RE: Anyone use MultiSearcher class

Posted by Don Vaillancourt <do...@webimpact.com>.

Thanks for the info.

Maybe the best solution to this may be to perform multiple individual 
searches, create a container class and store all the hits sorted by 
relevance within that class and then cache/serialize this result for the 
current search for page by page manipulation.


At 09:46 AM 15/07/2004, Mark Florence wrote:
>Don, I think I finally understand your problem -- and mine -- with
>MultiSearcher. I had tested an implementation of my system using
>ParallelMultiSearcher to split a huge index over many computers.
>I was very impressed by the results on my test data, but alarmed
>after a trial with live data :)
>
>Consider MultiSearcher.search(Query Q).

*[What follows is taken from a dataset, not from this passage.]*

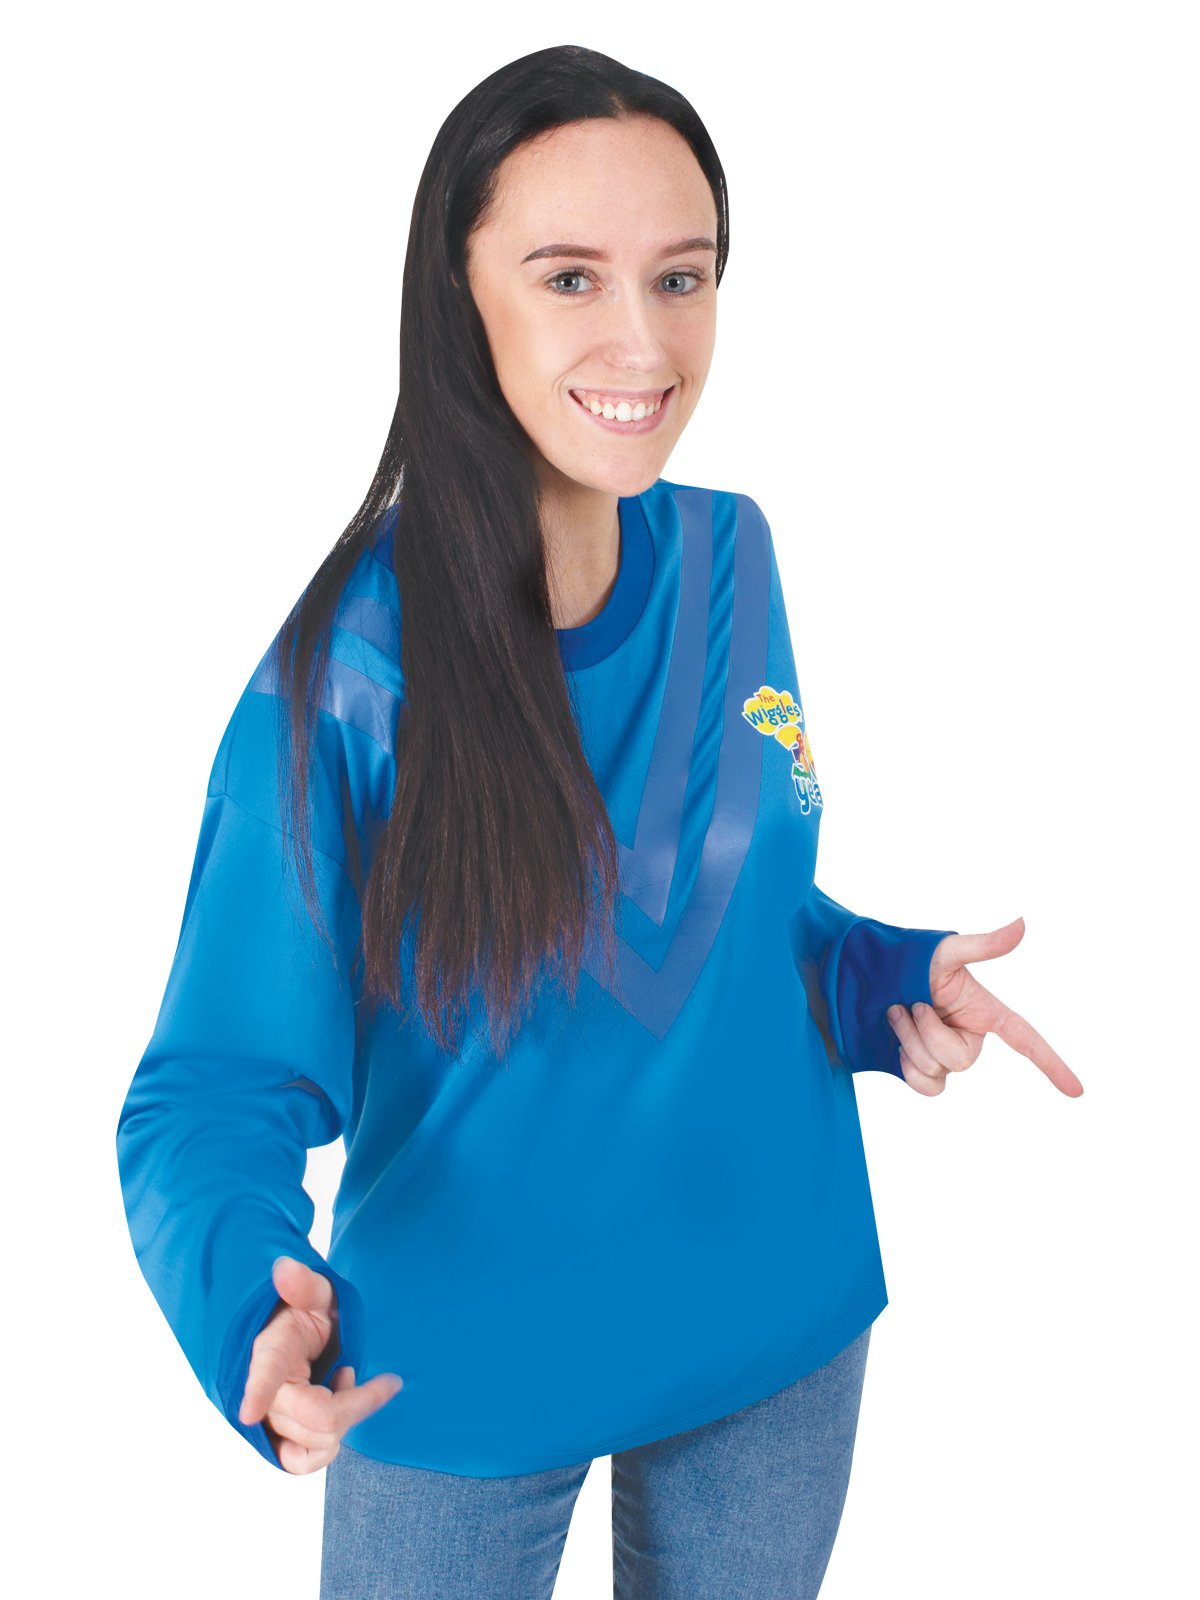 Costume Adult Anthony Wiggle Deluxe Blue Top STD

Suppose that Q aggregated
>over ALL the Searchables in the MultiSearcher would return 1000
>documents. But, the Hits object created by search() will only cache
>the first 100 documents. When Hits.doc(101) is called, Hits will
>cache 200 documents -- then 400, 800, 1600 and so on. How does Hits
>get these extra documents? By calling the MultiSearcher again.
>
>Now consider a MultiSearcher as described above with 2 Searchables.

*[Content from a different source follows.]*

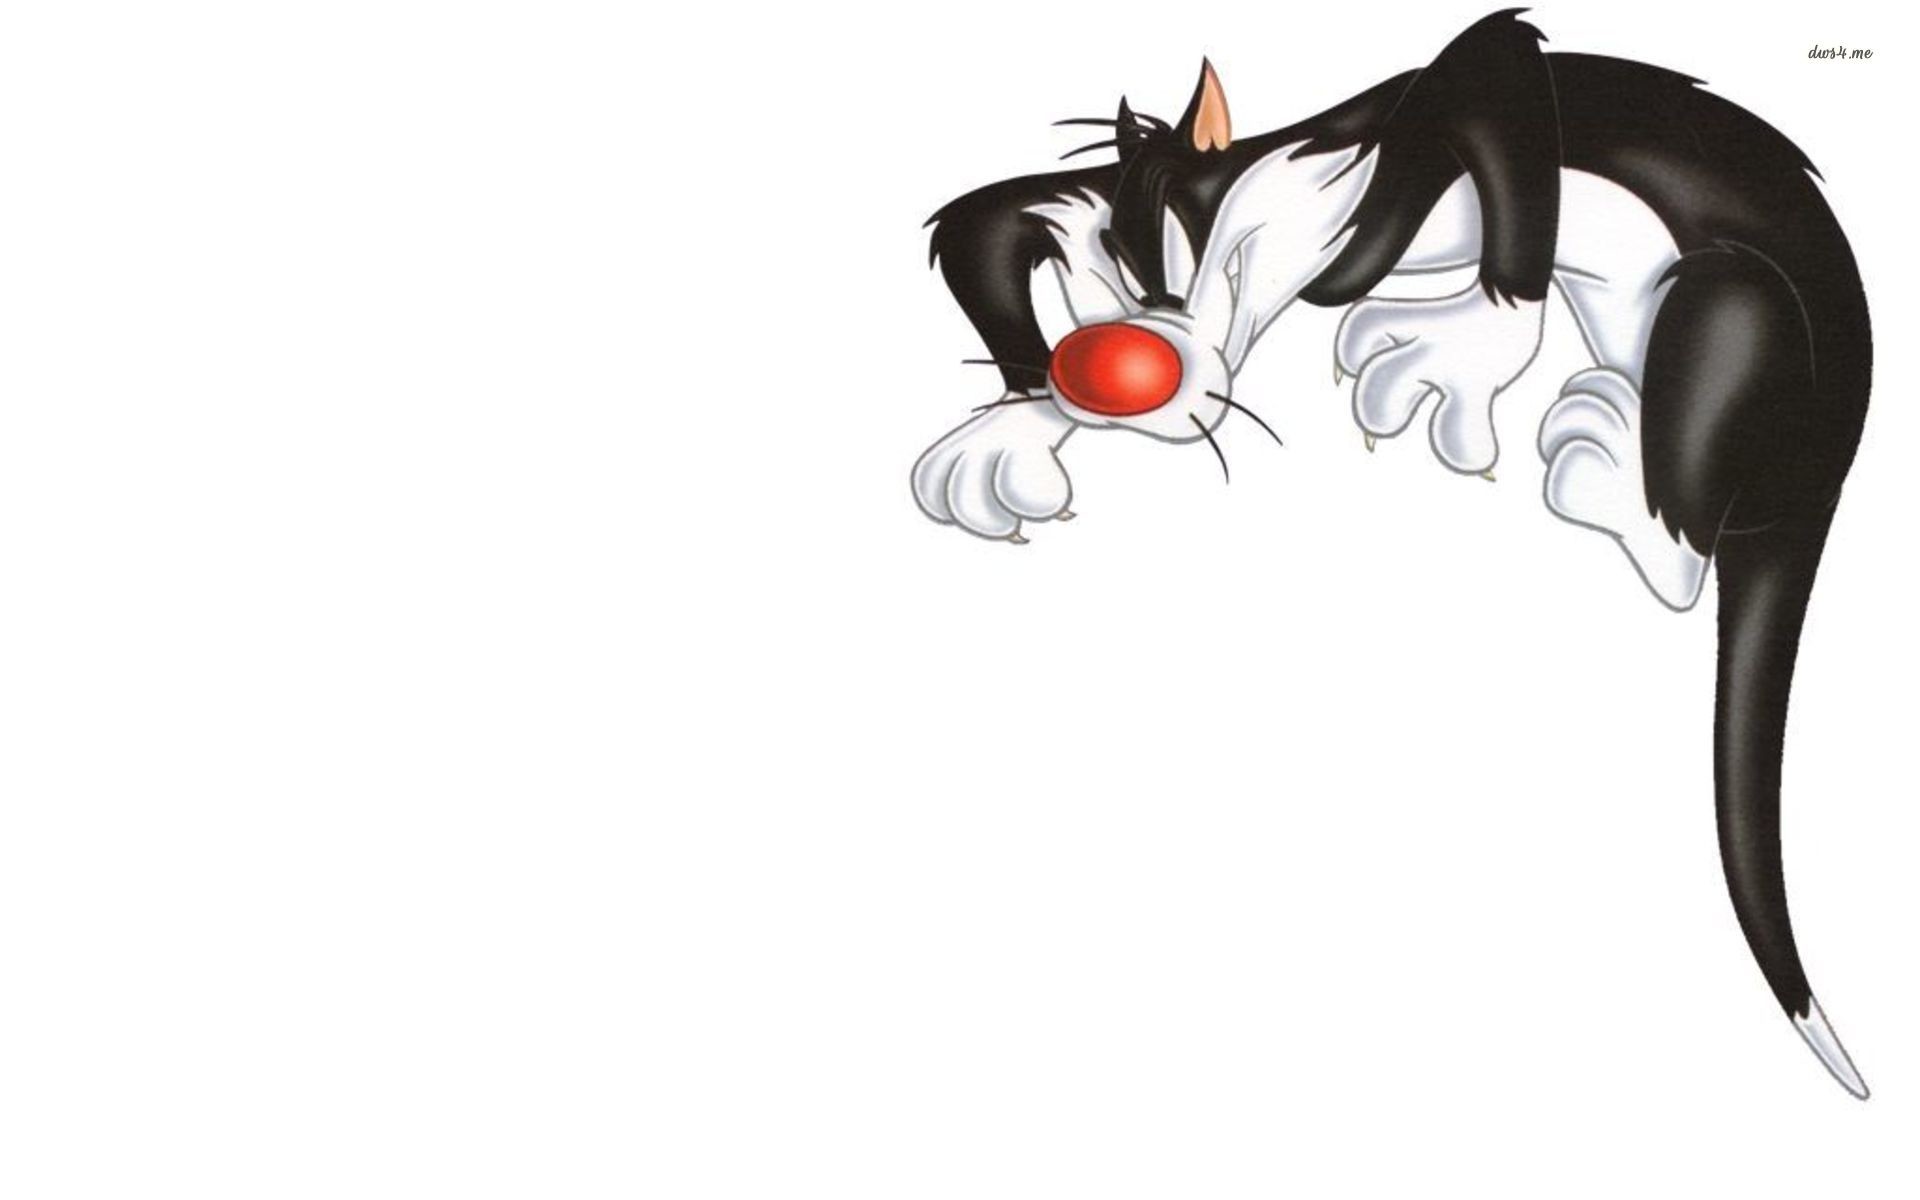 Sylvester The Cat Wallpaper 58 Images

>With respect to Q, Searchable S has 1000 documents, Searchable T
>has zero. So to fetch the 101st document, not only is S searched,
>but T is too, even though the result of Q applied to T is still zero
>and will always be zero. The same thing will happen when fetching
>the 201st, 401st and 801st document.
>
>This accounts for my slow performance, and I think yours too. That
>your observed degradation is a power of 2 is a clue.
>
>My performance is especially vulnerable because "slave" Searchables
>in the MultiSearcher are Remote -- accessed via RMI.
>
>I guess I have to code smarter around MultiSearcher. One problem
>you highlight is that Hits is final -- so it is not possible even to
>modify the "100/200/400" cache size logic.
>
>Any ideas from anyone would be much appreciated.
>
>Mark Florence
>CTO, AIRS
>800-897-7714 x 1703
>mflorence@airsmail.com
>
>
>
>
>-----Original Message-----
>From: Don Vaillancourt [mailto:donv@webimpact.com]

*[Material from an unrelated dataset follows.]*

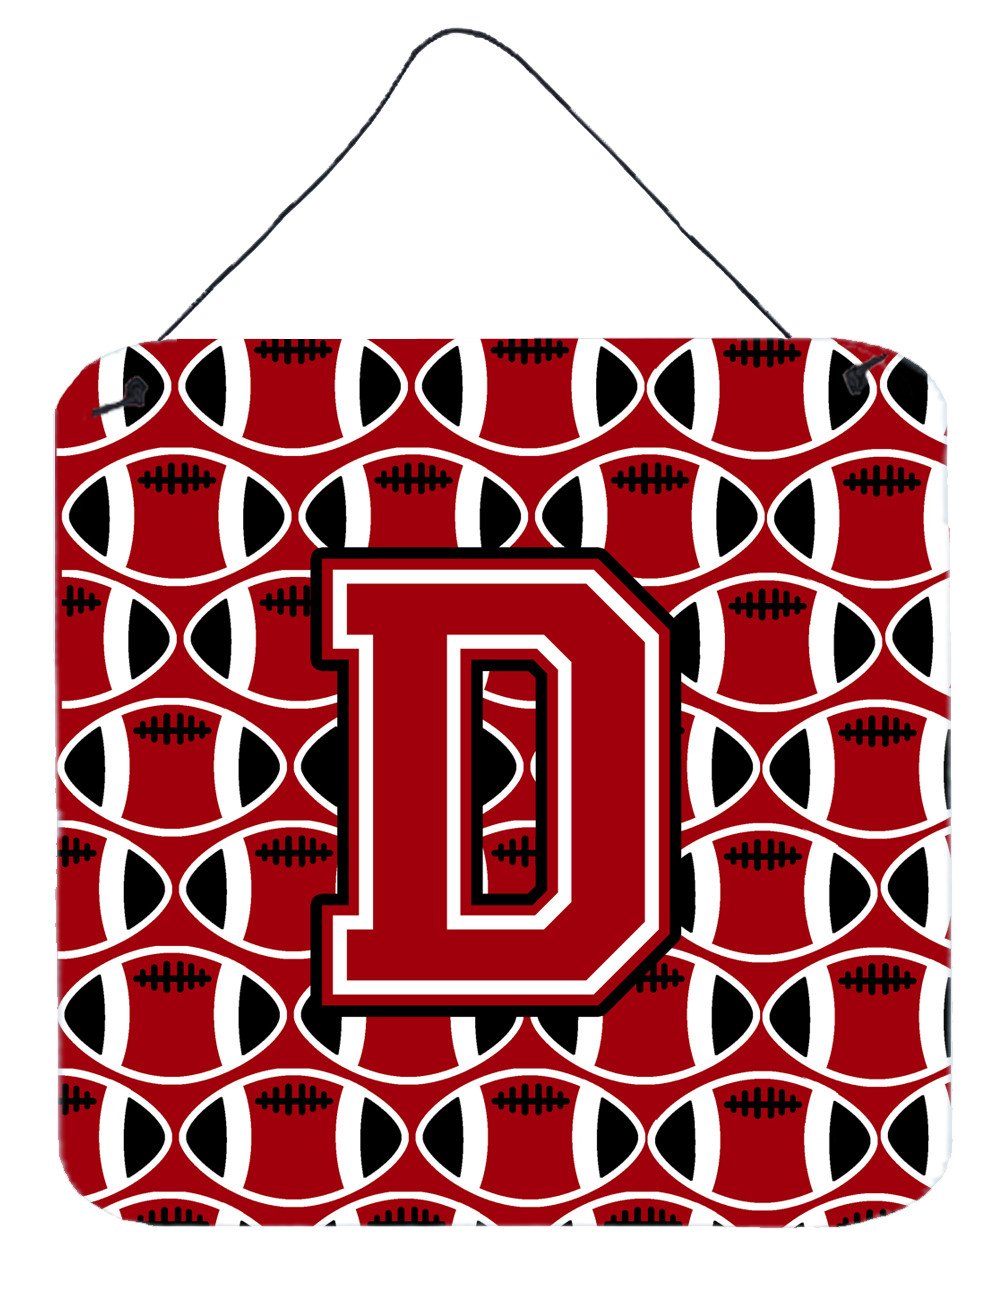 Letter D Football Red, Black and White Wall or Door Hanging Prints CJ1073-DDS66 by Caroline's Treasures

>Sent: Monday, July 12, 2004 12:36 pm
>To: Lucene Users List
>Subject: Anyone use MultiSearcher class
>
>
>Hello,
>
>Has anyone used the Multisearcher class?
>
>I have noticed that searching two indexes using this MultiSearcher class
>takes 8 times longer than searching only one index.  I could understand if
>it took 3 to 4 times longer to search due to sorting the two search results
>and stuff, but why 8 times longer.
>
>Is there some optimization that can be done to hasten the search?  Or
>should I just write my own MultiSearcher.  The problem though is that there
>is no way for me to create my own Hits object (no methods are available and
>the class is final).
>
>Anyone have any clue?
>
>Thanks
>
>
>Don Vaillancourt
>Director of Software Development
>
>WEB IMPACT INC.
>416-815-2000 ext. 245
>email: donv@web-impact.com
>web: http://www.web-impact.com
>
>
>
>
>This email message is intended only for the addressee(s)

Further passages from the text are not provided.